My research focuses mainly on the adaptation of natural language processing techniques to domain-specific scenarios, where the general-domain models fail to deliver satisfactory results or the availability of labeled data is not guaranteed. In particular, I am interested in introducing domain-specific knowledge into NLP models, in order to gain performance in domain-specific tasks.

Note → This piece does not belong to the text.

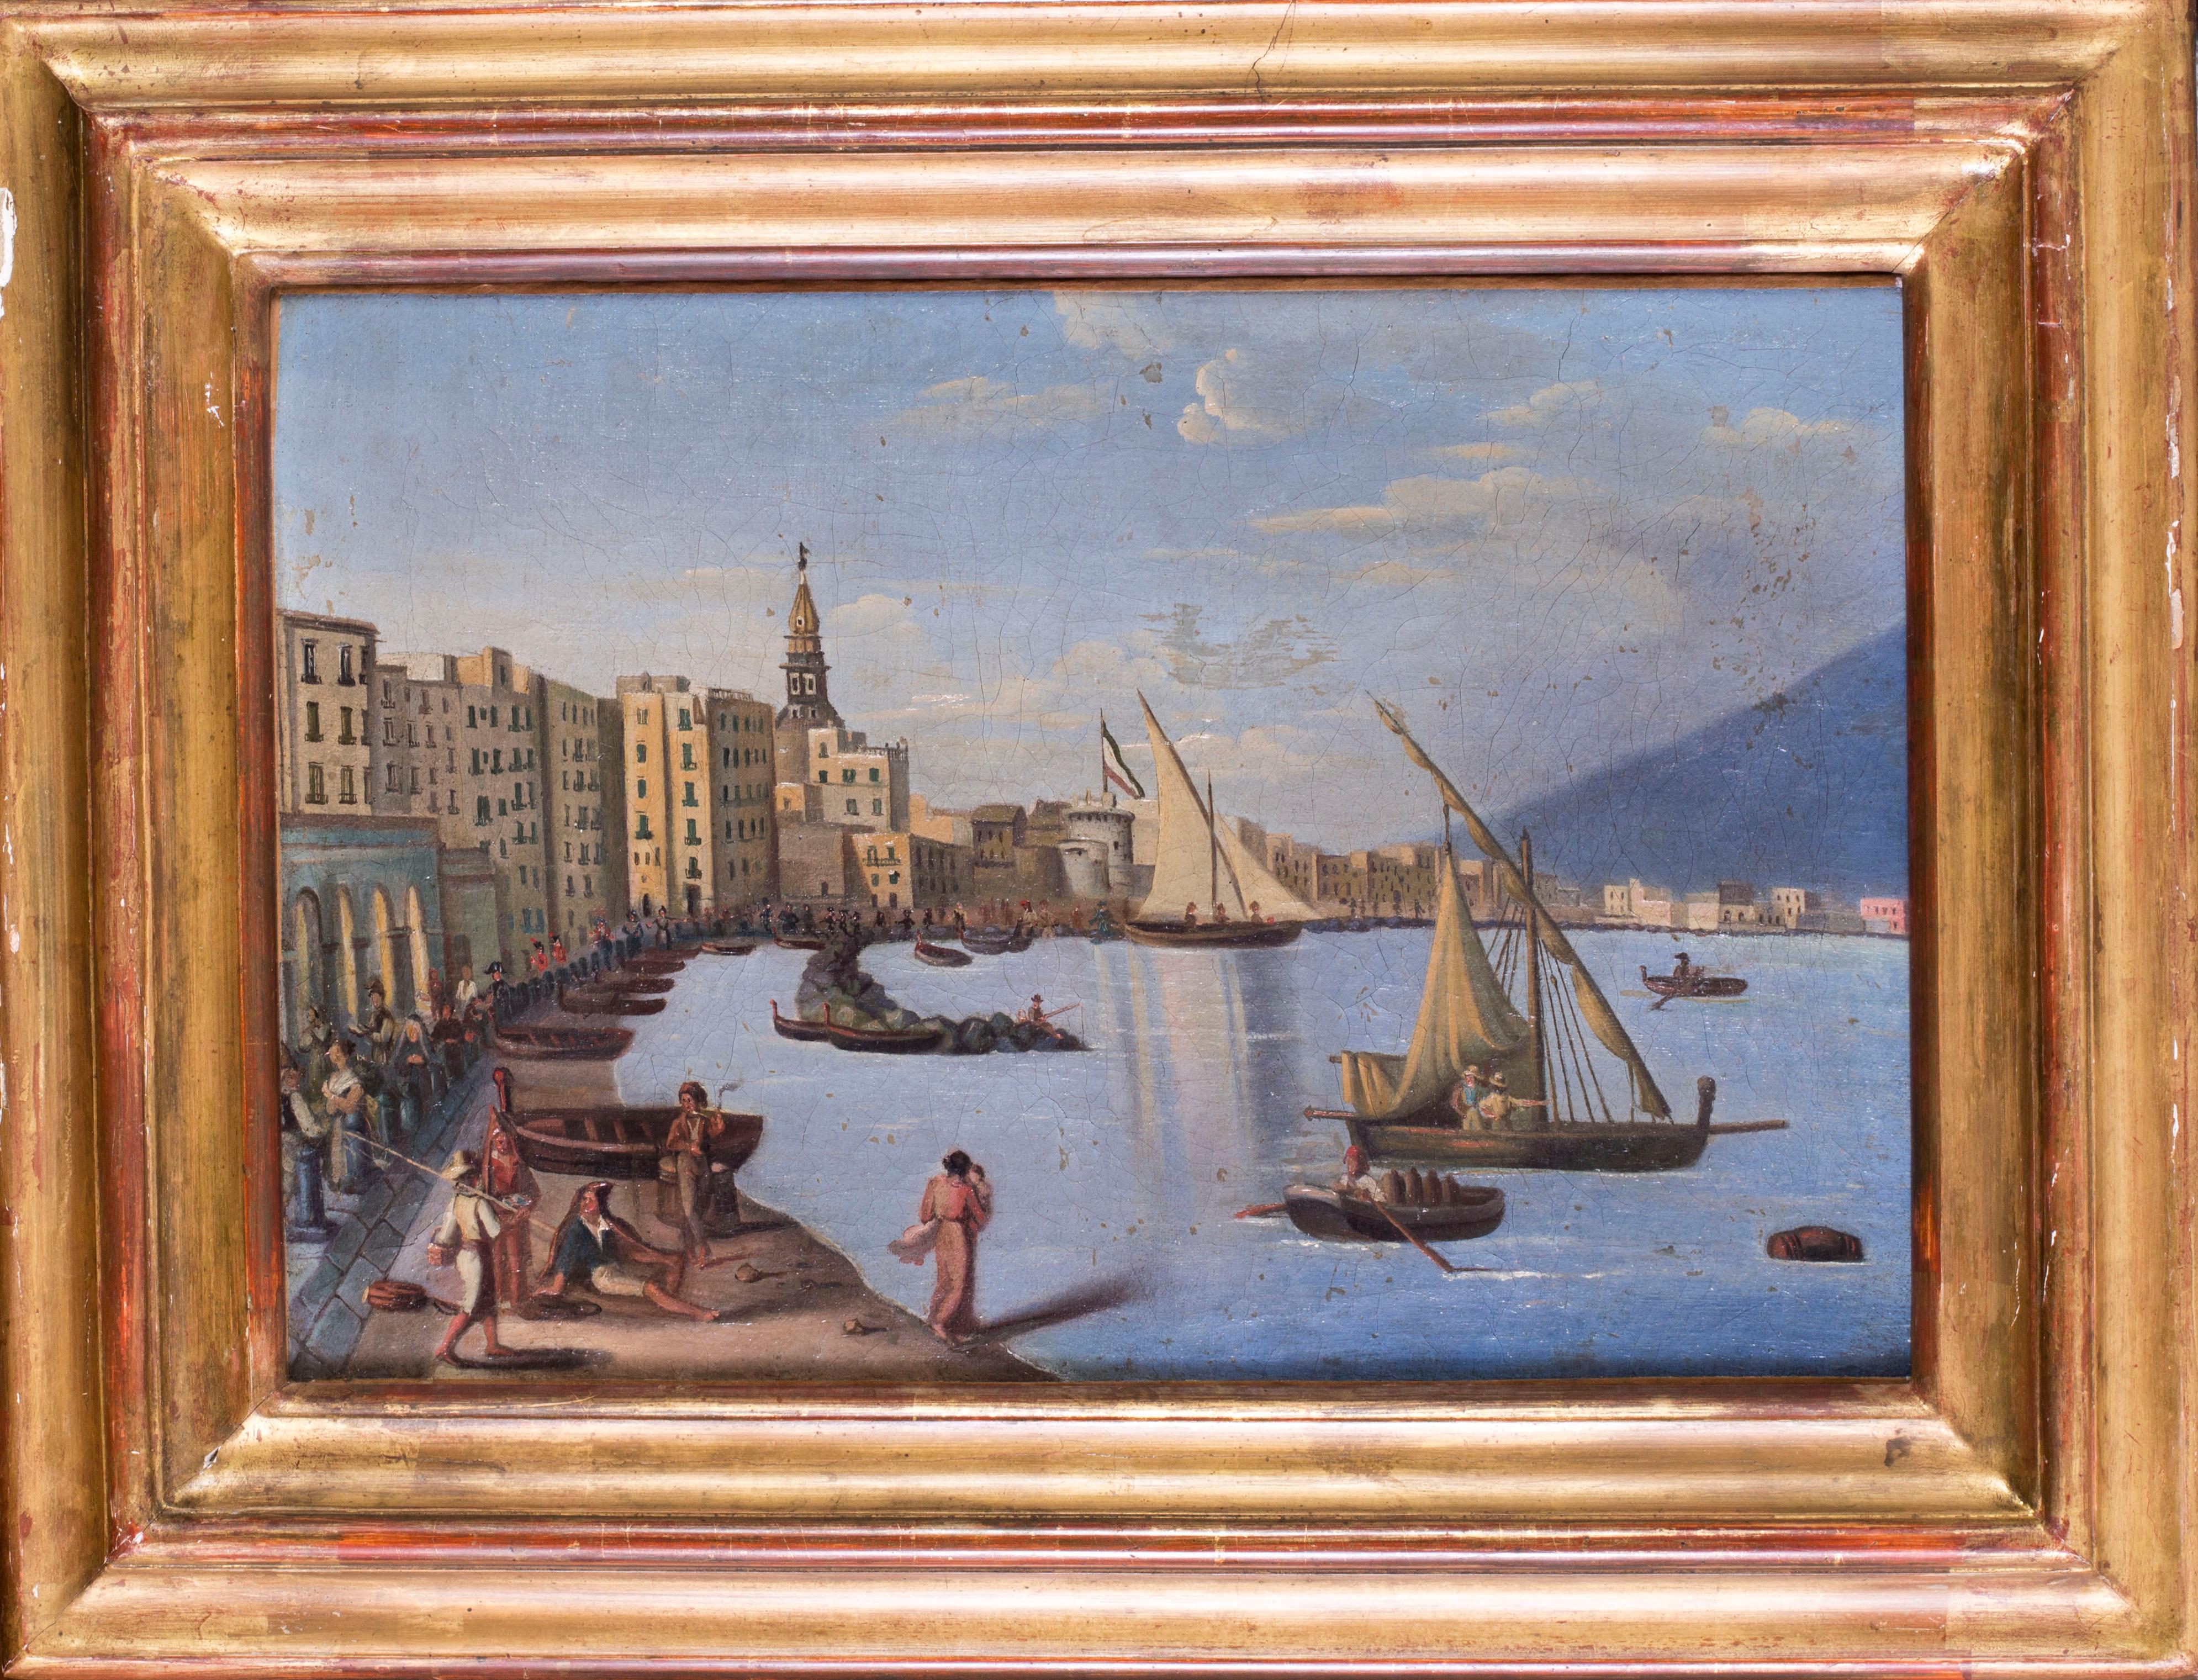 Naples während der napoleonischen Besatzung, Gemälde in Öl auf Leinwand, um 1810 – Painting von Unknown

Additionally, I am interested in complementing the NLP tasks with the analysis of other data sources like pictures or accompanying images. Specially, I intend to combine the analysis of both text and images in art-historic documents, where the pictorial representation of the artwork is accompanied by textual descriptions. In such documents, the combination of computer vision techniques like CNNs and NLP techniques like information extraction could benefit from each other to produce meaningful representations for downstream tasks like information retrieval and knowledge graph construction.

Projects

NER for artwork titles

Artworks are an essential entity in the art domain, and artwork titles are the surface form used to mention these entities in art-historic documents. However the nature of artwork titles makes their recognition a complex task because they might be ambiguous, they contain mentions of other entities like locations and persons, and often they are composed of tokens that without enough context could be categorized like other syntactic constructs. Take for example "Guernica" by Pablo Picasso: without the proper context, a mention to this artwork might be confused for the place instead of the artwork depicting the bombing which took place in that town.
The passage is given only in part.